Biography
Jean Craighead George was born on July 2, 1919, in Washington, D.C., into a family whose consuming interest was nature. Both of her parents, Dr. Frank C. and Carolyn Johnson Craighead, were entomologists, or insect specialists, and a succession of wild birds and animals shared the family home over the years. The family often spent summers on their farm in Pennsylvania or on field trips. Twin brothers, Frank and John, grew up to become ecologists, while George herself became an author, illustrator, and naturalist— although she did not settle into her career immediately.
George studied both natural science and English at Penn State University, the latter under the noted American poet Theodore Roethke. After graduating with a bachelor's degree in 1941, she departed for Louisiana State University to study modern dance. With the United States' entry into World War II, however, George put aside her dancing ambitions and became a reporter. Since then, writing has been the foundation of her career, and environmental subjects her frequent focus. Her journalistic assignments, particularly those she took on as roving reporter for Reader's Digest—a position she held for many years—often provided material for subsequent children's books.

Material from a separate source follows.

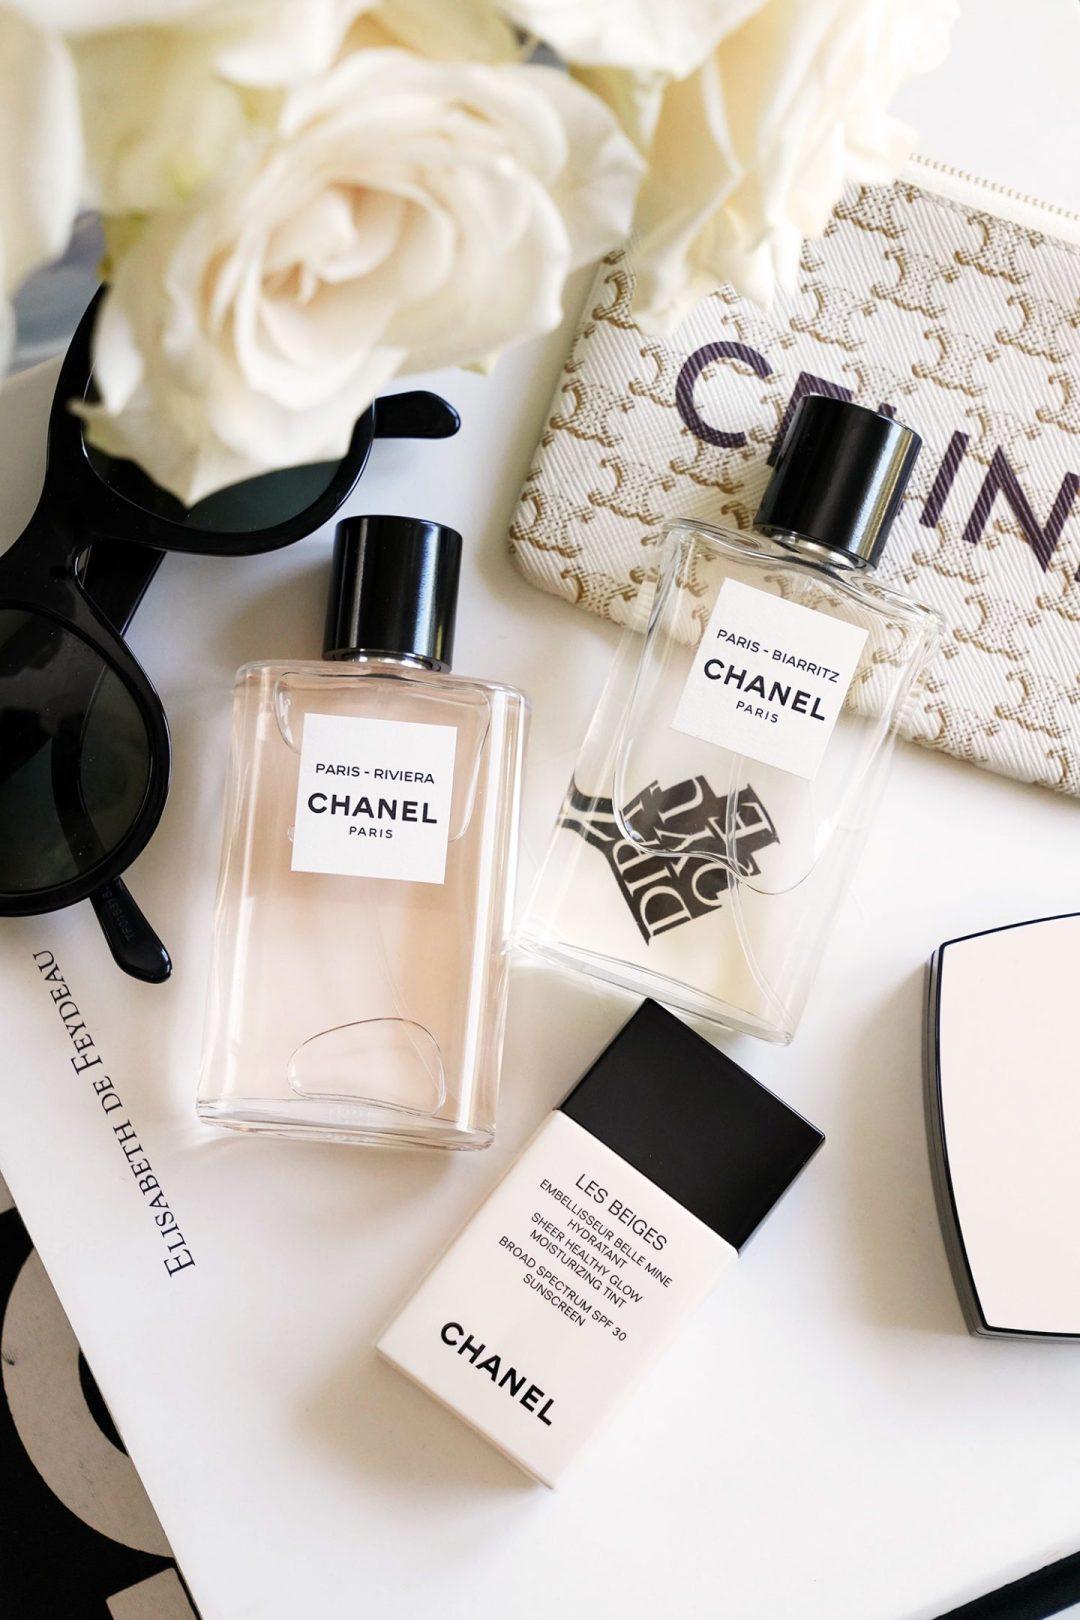 Chanel Les Eaux de Chanel Paris-Riviera Paris-Biarritz

In 1944 she married John L. George, 'an ecologist. Together they wrote six well-researched children's books on natural history and raised three children—Twig, Craig, and Luke. The marriage ended in divorce in 1963.
George has written close to fifty books for children and young adults over the course of her career, several of which received important awards. In her most popular books, she parallels descriptions of a somewhat anthropomorphized natural world with stories of children or teens struggling to grow up and become independent. The lives of the children and the life cycles of natural creatures become intertwined as George emphasizes the interrelationships of all living parts of the earth's environment.
Julie of the Wolves is based on material George gathered during a trip to the Arctic Research Laboratory in Barrow, Alaska. She never accomplished the original goal of her trip—to write an article about wolf language and family behavior—but the novel won the Newbery Medal as the best children's book of 1973. Perhaps George's best-known book for young adults is My Side of the Mountain, which she based to some extent on her own childhood experiences camping in the wilderness. This story of a boy's year in the wilderness was a Newbery Honor Book and the basis of a 1969 film by Paramount Studios, George's personal favorite is Spring Comes to the Ocean (1965), a nonfictional account of the gradual changes made by sea creatures in response to the changing season.
George currently lives in Chappaqua, New York, in a home filled with wildlife— ravens, raccoons, and even an indoor pond with a bubbling fountain and a stock of fish.